Designer - Adding stored procedure calls

Preface

As mentioned in Concepts - Entities, lists and views, you can re-use existing code, defined in stored procedures in the target catalog(s) / schema(s). To add these stored procedures to your project, you go through the following steps:

Adding a stored procedure call

If you double click 'Stored Procedure Calls' in your Project explorer, a tree will be shown containing 'Retrieval Stored Procedure Calls' and 'Action Stored Procedure Calls'.
Stored Procedure Calls that return one or more resultsets are Retrieval Stored Procedure Calls. All others are Action Stored Procedure Calls. After you've clicked 'Add to project' the call definitions are added to the project.

note Note:
There is no support for parameterized stored queries in MS Access, so no procedure call can be created when targeting MS Access.
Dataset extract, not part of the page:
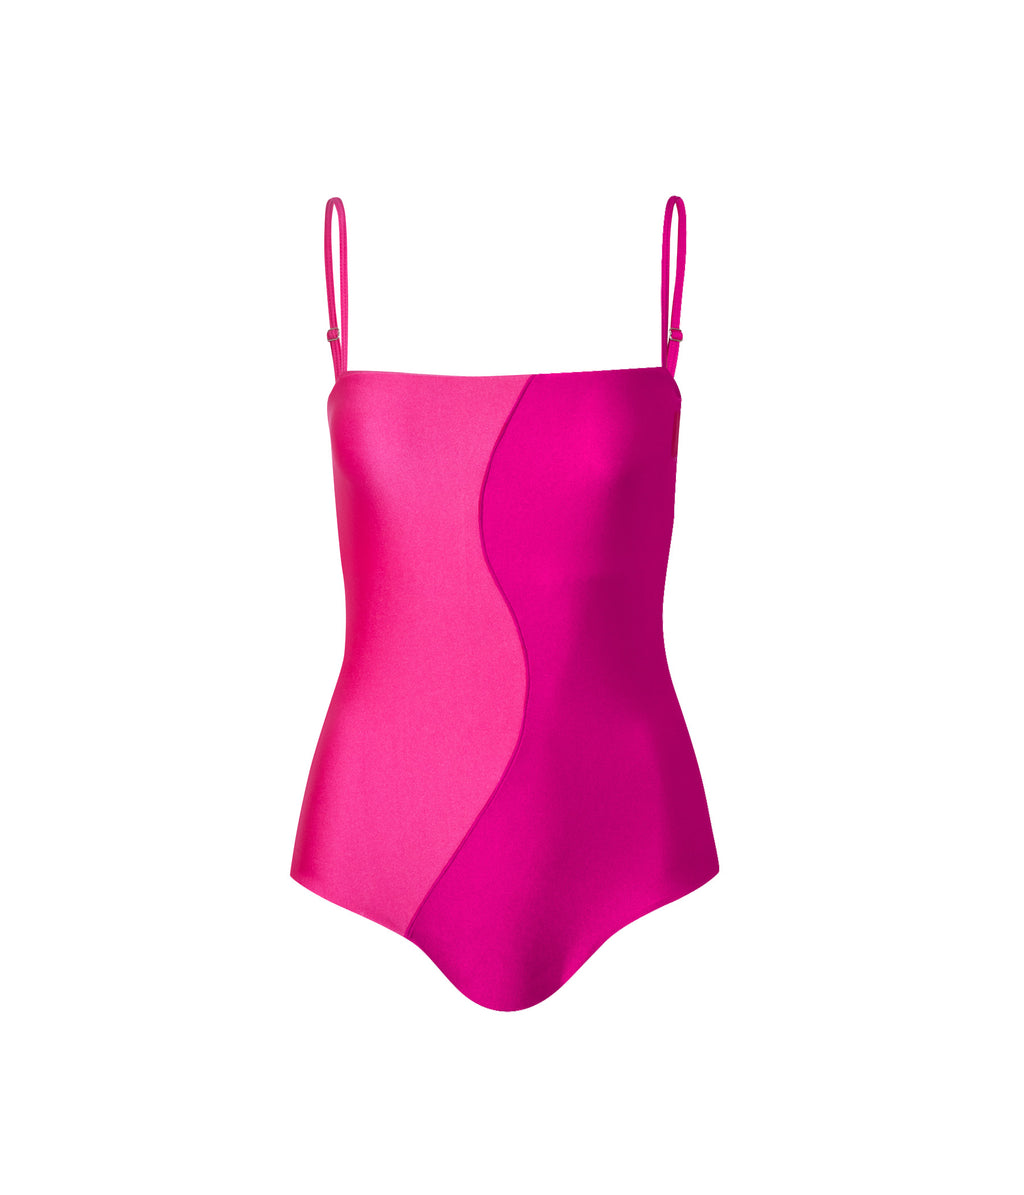 SKIN by SAME Swim One Piece Neon Green/Neon Pink OP-NGNP - Free Shipping at  Largo Drive

Editing a stored procedure call

To edit a stored procedure call, you click with the right mouse button on a stored procedure call, and select 'Edit / Properties' or press Ctrl + E. A stored procedure call editor opens in the tabbed area, showing the complete stored procedure call and all editable elements on two sub tabs: Parameters and Custom properties. The sub tabs can be navigated at the bottom of the stored procedure call editor tab. Besides these sub tabs, the editor allows you to alter the name of the stored procedure call and view the target procedure in the catalog explorer.
Parameters sub tab
The first sub tab is Parameters. This is the sub tab which contains all input and output parameters of the stored procedure and their specifics: type, size, real name etc. A screenshot of this sub tab of the EmployeeSalesbyCountry stored procedure call is shown below.



Parameters sub tab of the stored procedure call editor

When you select a parameter in the list, you can change its name. This name, as with all names, can't contain spaces and will have its first character upper cased. Also, all field names have to be unique within a stored procedure call definition.

To mark a parameter as a nullable parameter, you can check its Is nullable checkbox. A stored procedure's parameters are generated as method parameters for the generated method representing the stored procedure call in code. When the .NET type of the parameter is a ValueType, it will be generated as a method parameter of type Nullable<T> / Nullable(Of T) when .NET 2.0 is the target platform. When the target platform is .NET 1.x, the .NET type of the parameter in the generated stored procedure call method's signature will be object.
Custom properties sub tab
The second sub tab contains the custom property editor for the stored procedure call. As with other custom properties (except the project and typed list custom properties), these are initially derived from the mapped view's Extended properties (SqlServer) or description fields (Oracle, other databases). You can add new ones, delete the initially created custom properties or edit the custom properties. Custom properties are name-value pairs (both strings) which are generated into the code in a static hashtable. See for more information about using the custom properties available in the generated code: LLBLGen Pro generated code - Custom properties.

A screenshot of the stored procedure call's custom properties sub tab is shown below



Custom properties sub tab of the stored procedure call editor


All changes you'll make in the editor will be reflected in the project immediately. Also, everything is kept in sync, so when you change a stored procedure call's name, the name is changed everywhere in the GUI directly. As you will notice, when you change something, the project's icon in the project explorer will change to the yellow/red dot, indicating there have been changes. In addition, in the status bar the remark that the project has unsaved changes will appear.